Macedonia will today agree to change its name but tensions are high on the Greek border

Greece also has a northern province called Macedonia.

THE SMALL FISHING village of Psarades is about to make history today when the leaders of Greece and Macedonia meet to bury a 27-year-old name row, but many locals are seething.

“I would not call it a pleasant day,” says Achileas Papadopoulos, a 60-year-old fisherman on the banks of Lake Prespa, a natural boundary between the two countries.

“We are giving away the name ‘Macedonia’, and we’re supposed to be happy?” he says.

Greece and Macedonia later today will sign a preliminary accord to rename the small Balkan state the Republic of North Macedonia, ending a dispute dating to 1991.

The agreement has been welcomed by the United Nations, the European Union and NATO.

Athens had long objected to it being called Macedonia because it has its own northern province of the same name, which in ancient times was the cradle of Alexander the Great’s empire — a source of intense pride to modern-day Greeks.

Security is intense, with police cordons in place kilometres from the village. Anybody seeking to approach has to pass through successive identity checks.

Protests against the agreement are expected in the area.

Yesterday, as the government defeated a censure motion against the accord in Athens, clashes broke out between protesters and police outside parliament.

Officials later blamed the incident on far-right supporters of Greek neo-Nazi party Golden Dawn, some of whom attacked the cars of lawmakers after the vote.

Bloody history

Opposition is even stronger in Greece’s north, where Greek and Bulgarian guerrillas fought a bitter four-year war in the early 20th century for predominance among Orthodox Christians in then Ottoman-held Macedonia.

Two short wars were then fought in 1912 and 1913 between the Balkan states and the Ottoman Empire to end six centuries of rule from Istanbul, with atrocities committed by both sides.

“This land has been watered with blood,” says a 22-year-old Psarades local, who declined to give her name.

“Our grandfathers talk about the past and cry,” says this Greek woman.

Greece Macedonia Opponents to the deal at the village of Pisoderi near the border with Macedonia. AP / PA Images AP / PA Images / PA Images

The deal, brokered after months of intensive talks, is touted as a vital step for stability and economic development in the Balkans.
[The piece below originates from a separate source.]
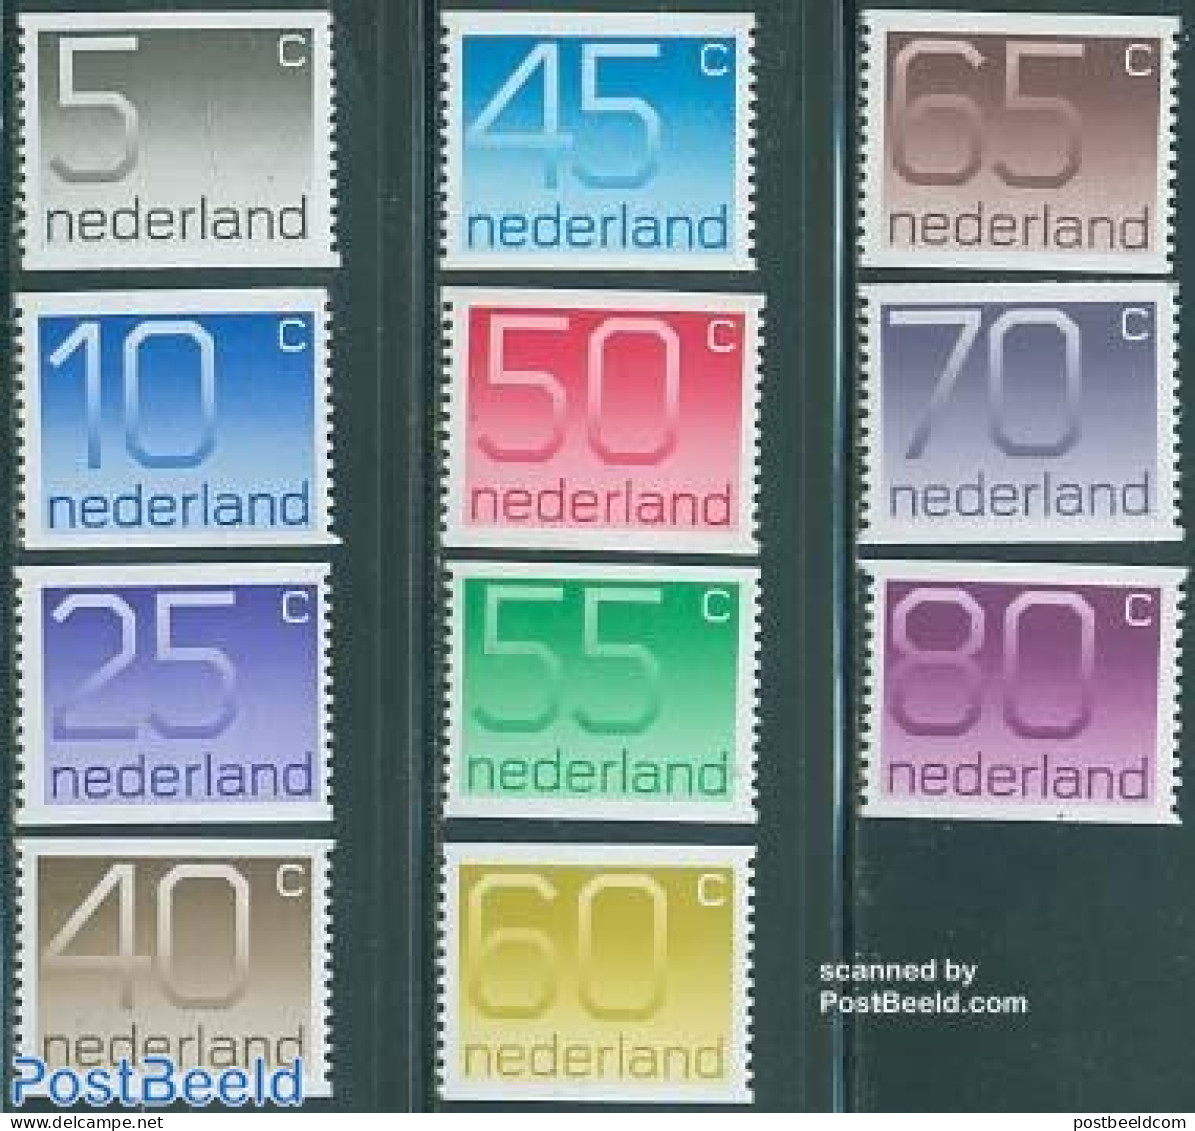 Netherlands 1976 Definitives, Coil Stamps 11v, Mint NH - Unused Stamps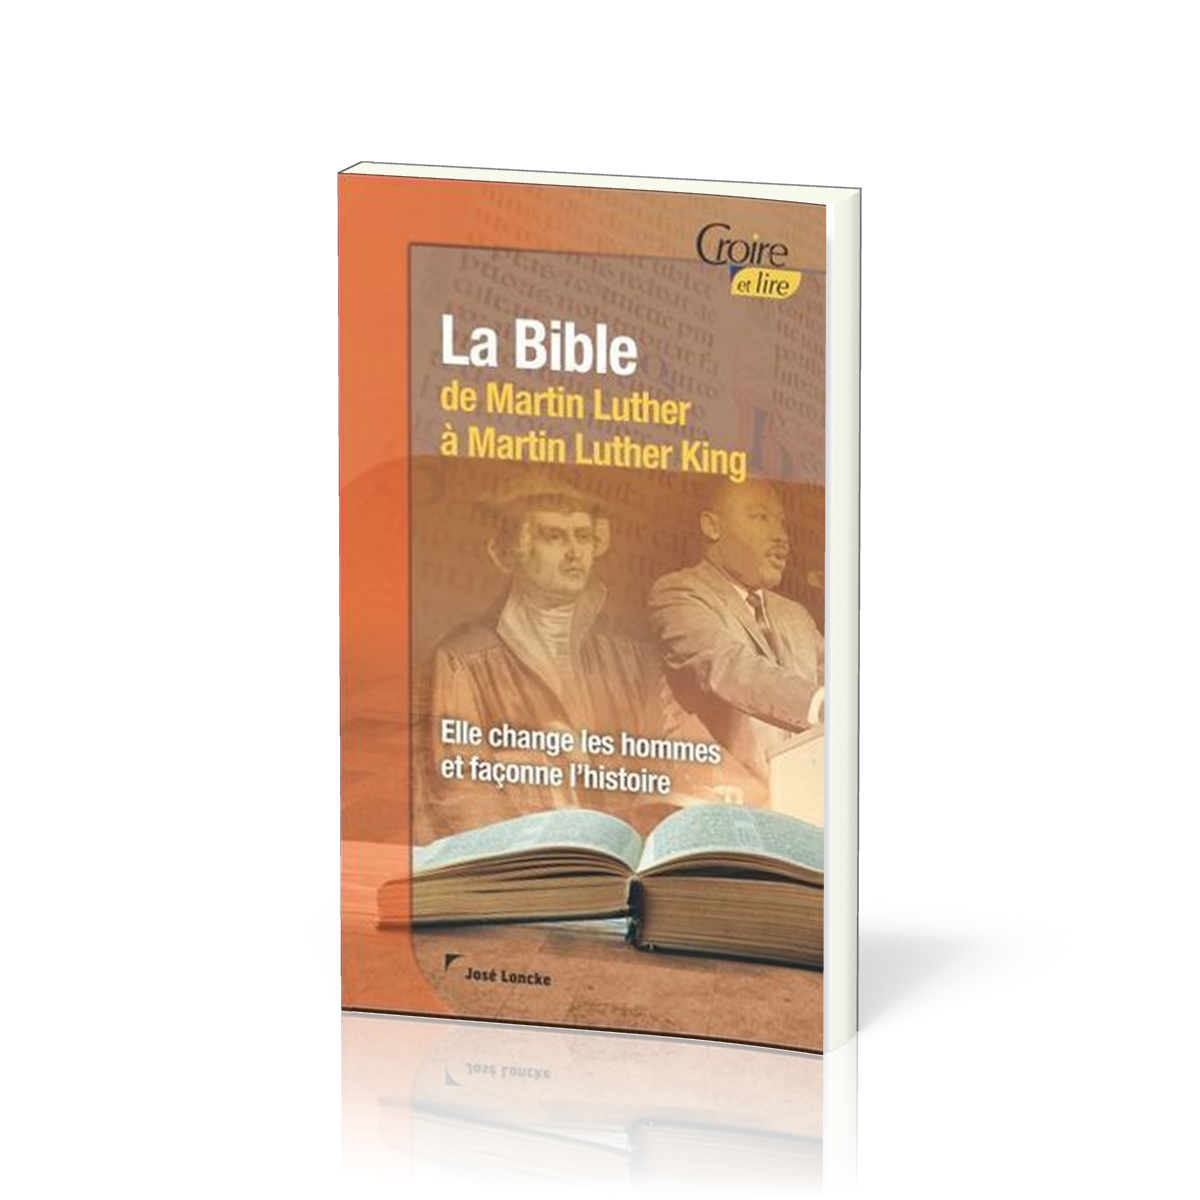 Bible (La) de Martin Luther à Martin Luther King - Croire pocket 46

“Signing the deal will mean opening the border soon I guess. It means a lot, for us it is a huge thing,” says Bosko Dimovski, a 60-year-old from Dolno Dupeni, the first village on the Macedonian side of the border.

“This used to be one of the richest regions in the Balkans, and after the border was closed it became one of the poorest. Imagine what (the deal) will mean, just for the flow of people… local business, revival of tourism,” says Dimovski, who runs a beach bar just 50 metres from the border.

Greek Foreign Minister Nikos Kotzias and Nikola Dimitrov of Macedonia will sign the historic accord, with Prime Ministers Alexis Tsipras and Zoran Zaev in attendance, joined by officials from the United Nations and the European Union, who have welcomed the move.

Once ratified by the countries’ respective parliaments and confirmed by a referendum in Macedonia by the end of the year, the agreement will also enable the landlocked state to eventually join the European Union and NATO.